Health insurance that provides "routine maintenance" is useful if you have children or you are old. (Only the latter relates to the used car, although it should cost more, given that we are not given to chucking the old body in favor of a new one.) The young and healthy probably will not find it useful. Their need in health insurance is for the catastrophic, and if they are not stupid about themselves, catastrophes should be very rare. Unless she is pregnant, which they might consider catastrophic or not, depending on circumstances.

There can be no doubt that Medicare/Medicaid has distorted the system. It is a government subsidy for every kind of health service; we have equal rights to MRI's. I either applaud that or deplore it depending on which principle I am standing on. I like the ideal of equality. But I find it appalling that the druggie who lives on the street and abuses his body in every way and has a Medicaid card has an equal right to treatment and a bed in the emergency room for his heart attack as the taxpaying homeowner with three kids who manages the local drugstore, eats his veggies and has insurance. If the druggie gets to ER first, the other guy will have to wait his turn, even though he is helping to pay for the druggie's treatment through taxation.

But money as point system: we all (democratically?) participate in that system by making decisions about money unless government steps in and sets prices or devalues currency or selectively raises taxes or tariffs, subsidizes this or that (like education) or ..., and thereby makes our choices for us. Deficit spending, even when gargantuan, appears to be sustainable unless someone sneezes. It's a bet that nothing, or nothing much, nothing not readily fixable, will go wrong in the nation.

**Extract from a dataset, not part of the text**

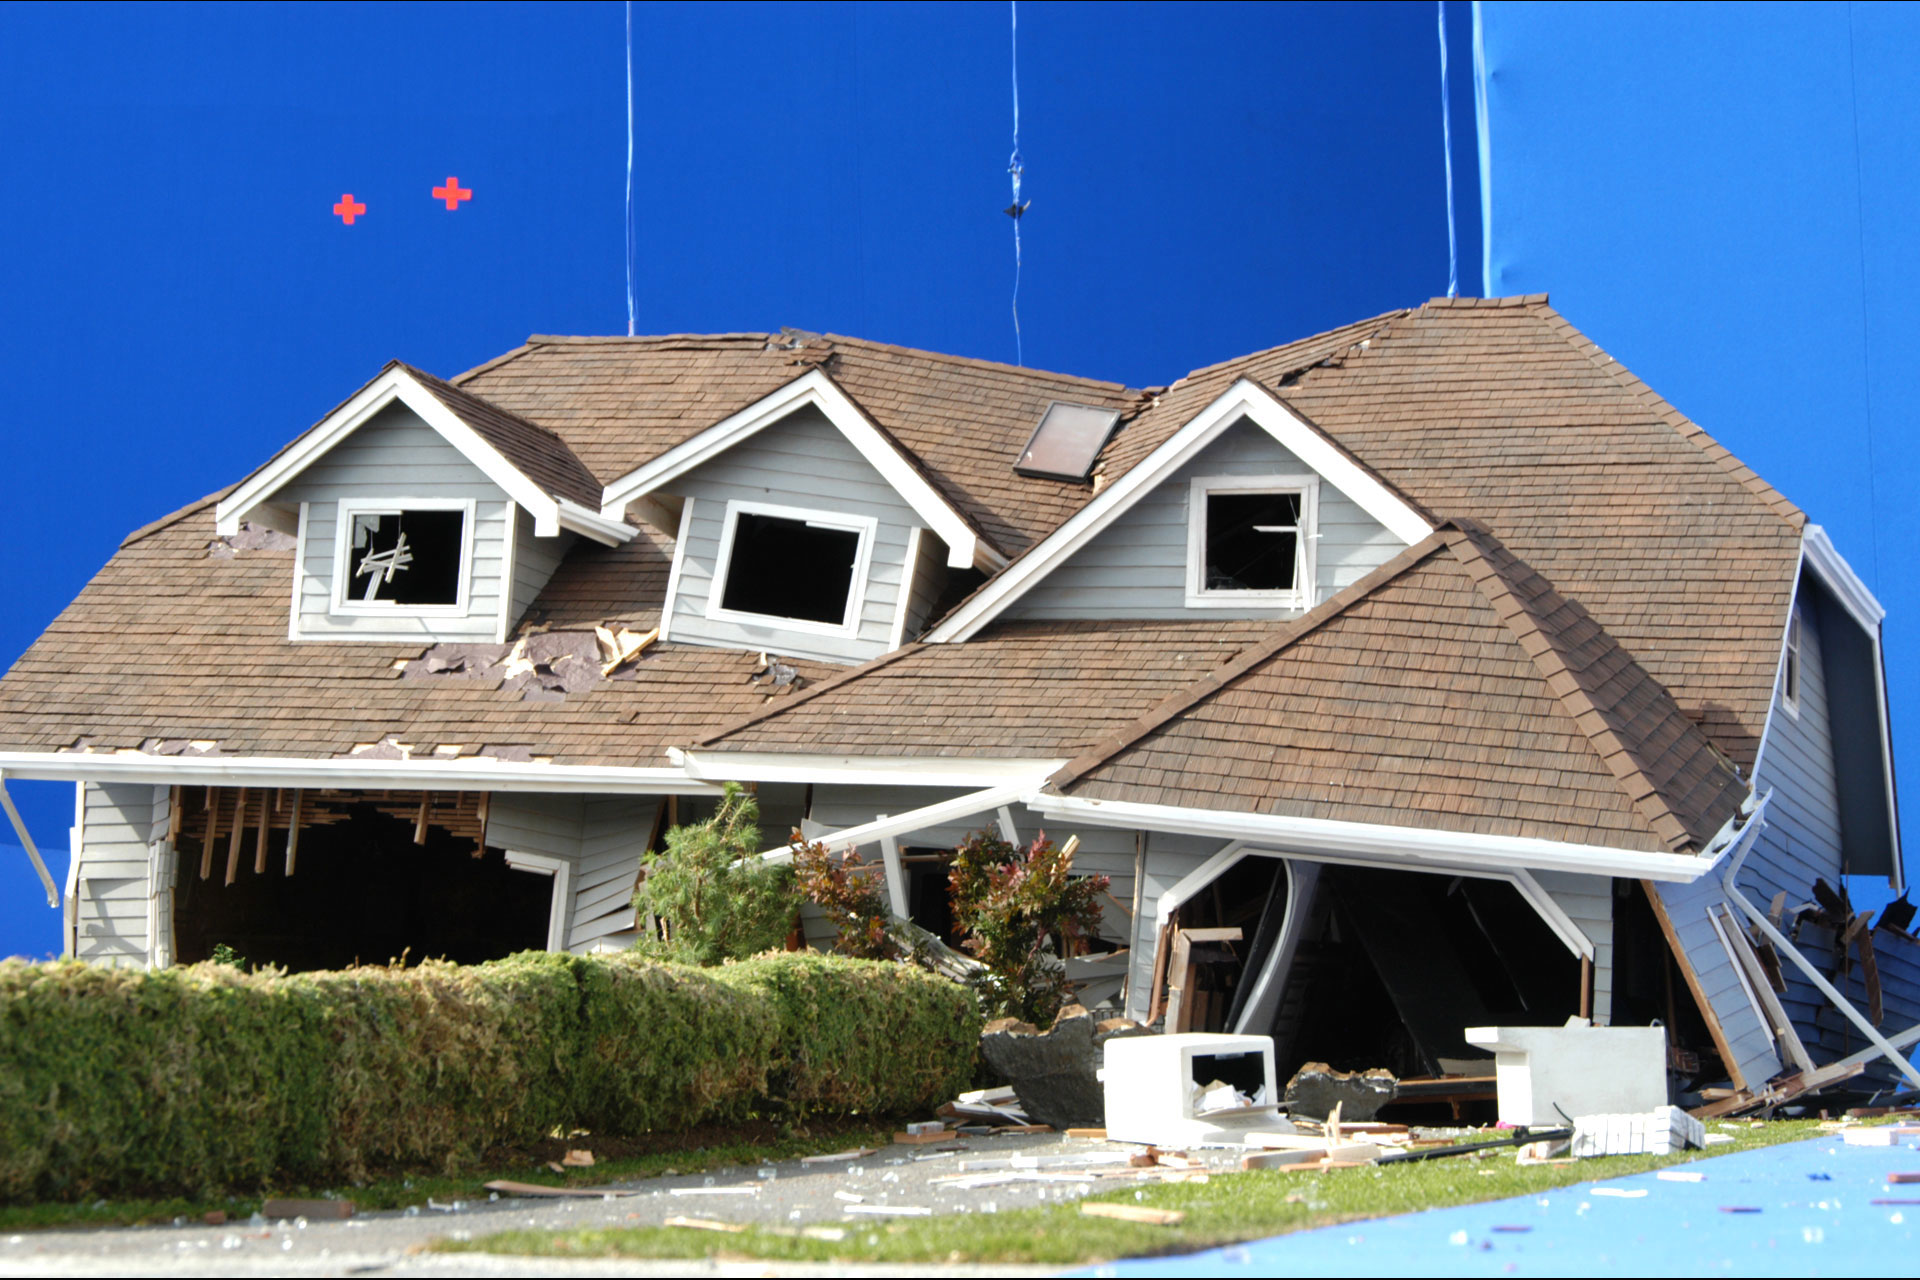 610_391_house_aftermath_02.jpg

Isn't the question facing us as a nation, in terms of spending by government, whether we have won or lost that bet? Have things gone wrong? Our economy is having a tickle in the nose, but it might not lead to a full-blown sneeze.

Our international example of a nation that lost the bet, Greece, what do we think of what it is doing?

It is interesting, as Kate and John point out, that automobile insurance for repairs does indeed exist, but only as warranties on new cars and of no value for used cars and not much for new cars, evidently. But no coverage for oil changes or parts replacement, right? At least the govenment is not trying to provide such "equity" for automobile owners.